Keeping low performers on a team (or ones that yield "failed projects" consistently) isn't good for the rest of the team and/or your own personal stress and productivity (as a manager).
It depends. Sometimes people just need a kick in the ass. Sometimes they have a blind spot that needs to be pointed out. People should be given a chance to improve. In terms of action required, there’s often very little difference between helping an under-achiever hit the mark, and helping an adequate performer grow. It’s just a question of expectations. I argue that a failure to ever do the former makes one a bad manager.

That’s not to say that they should be given infinite leeway, but nobody here has made that argument, so…

Sometimes a PIP is just a PIP. I’m sick to death of the increasingly clickbaity articles that cause employees to preemptively put their shields up as a result of painting every workplace as being a very particular sort of…terrible corporate America.

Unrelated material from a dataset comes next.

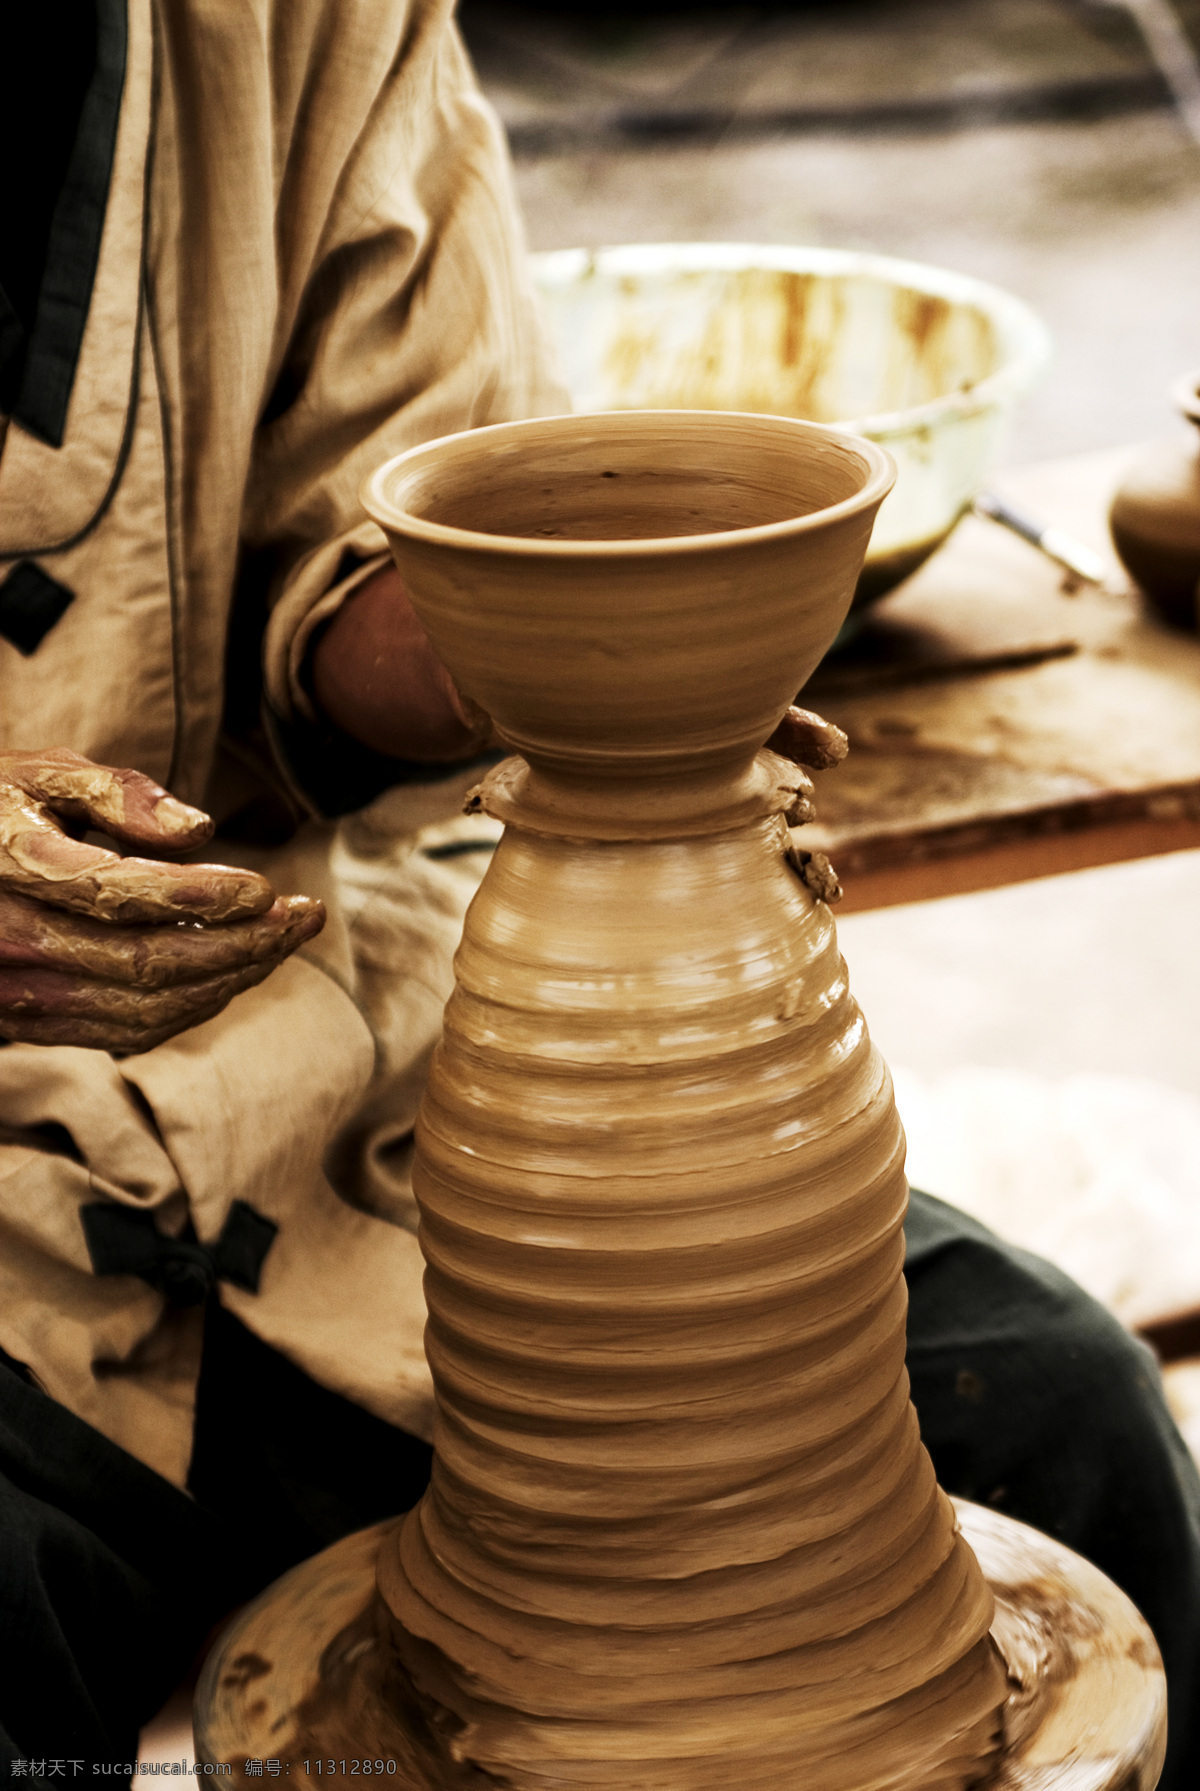 陶艺 制作陶瓷 陶瓷 工艺 陶器 瓷器 手工艺 传统文化 文化艺术

>That’s not to say that they should be given infinite leeway, but nobody here has made that argument, so…

I interpreted this from OP: >Both failed… I would have much preferred keeping them to finding and training someone new

as giving infinite leeway, like "i'd rather not go through the hiring process and just 'deal with it'".

Totally agree. I've had to put people on PIPs and also had to decide instead of a PIP just cut them. It's never fun, but these people were long time underperformers. I'm sure in some places they do PIPs as a formality, but I never seen that and I would never do that.
Sometimes the employee comes down with a chronic medical problem that affects performance.